In [None]:
import json
import pandas as pd
import numpy as np
from sklearn.feature_extraction.text import TfidfVectorizer
from sklearn.model_selection import StratifiedKFold
from sklearn.metrics import f1_score, classification_report
from xgboost import XGBClassifier
from sklearn.multioutput import MultiOutputClassifier

In [None]:
# ---------- 1. Load JSONL ----------
path = "/Users/noeamar/Documents/HEC/Jocas-HEC/Data/LLM_labels.jsonl"

records = []
with open(path, "r", encoding="utf-8") as f:
    for line in f:
        if not line.strip():
            continue
        try:
            records.append(json.loads(line))
        except:
            continue

df = pd.DataFrame(records)
print("Shape initiale :", df.shape)

# ---------- 2. Garder seulement les lignes avec Label_All DICT ----------
VALID_LABELS = [
    "DIVERSITY",
    "REMUNERATION_BENEFITS",
    "PROFESSIONAL_OPPORTUNITIES",
    "CULTURE_VALUES",
    "LEADERSHIP",
    "WORK_LIFE_BALANCE",
]  # ne pas inclure CONFIDENCE !

def extract_labels(d):
    if isinstance(d, dict):
        if all(k in d for k in VALID_LABELS):
            return [d[k] for k in VALID_LABELS]
    return None

df["label_vector"] = df["Label_All"].apply(extract_labels)
df = df[df["label_vector"].notnull()].reset_index(drop=True)
print("Shape après filtre Label_All :", df.shape)

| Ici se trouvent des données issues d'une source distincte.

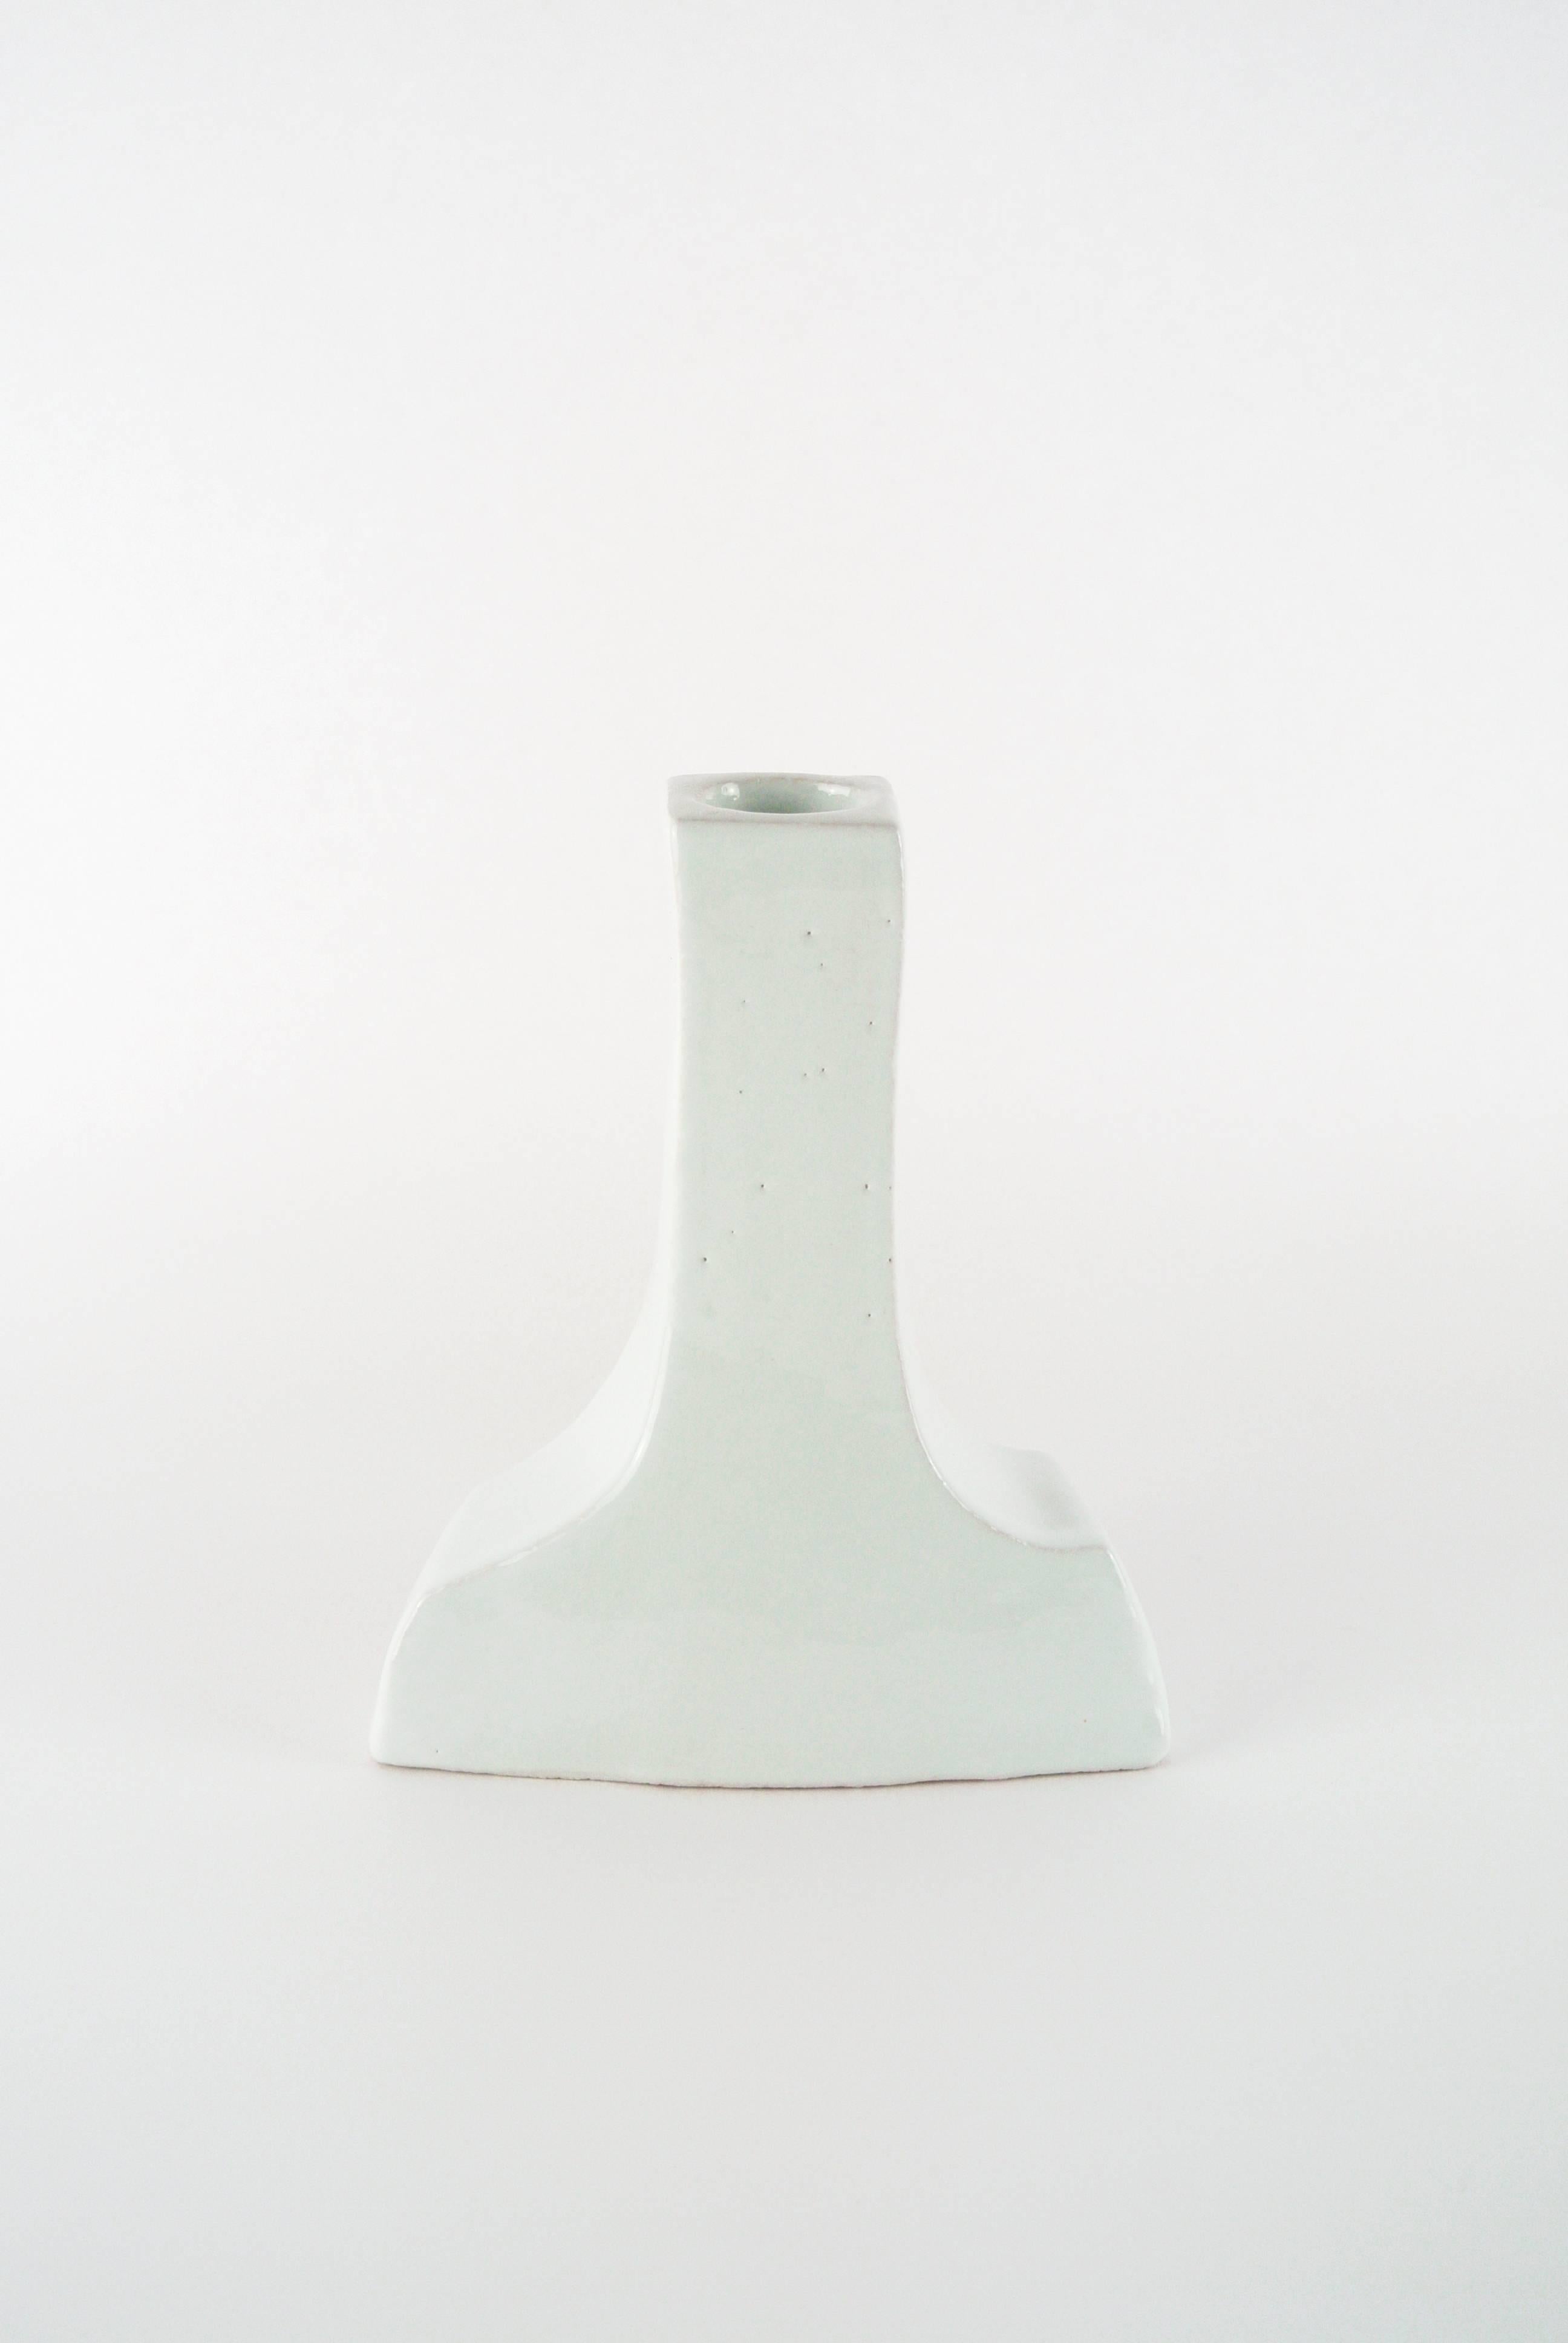 Organic Modern Contemporary Porcelain Candleholder with White Glossy Glaze

# ---------- 3. Y : numpy array ----------
y = np.vstack(df["label_vector"].values).astype(int)
print("Y shape :", y.shape)

# ---------- 4. Créer la colonne texte ----------
TEXT_COLS = [
    "job_title",
    "description_job",
    "description_profil",
    "description_entreprise",
    "description_full",
]
df["text"] = df[TEXT_COLS].fillna("").agg(" ".join, axis=1)
X_text = df["text"].values

# ---------- 5. TF-IDF ----------
vectorizer = TfidfVectorizer(
    max_features=8000,
    ngram_range=(1, 2),
)
X_vec = vectorizer.fit_transform(X_text)
print("X_vec shape :", X_vec.shape)

# ---------- 6. Cross-validation stratifiée multi-label ----------
strat_target = y.sum(axis=1)
strat_target = np.clip(strat_target, 0, 1)  # binaire

kf = StratifiedKFold(n_splits=5, shuffle=True, random_state=42)

f1_micro_scores, f1_macro_scores = [], []
fold = 1

for train_idx, test_idx in kf.split(X_vec, strat_target):
    print(f"\n===== Fold {fold} =====")
    fold += 1

    X_train, X_test = X_vec[train_idx], X_vec[test_idx]
    y_train, y_test = y[train_idx], y[test_idx]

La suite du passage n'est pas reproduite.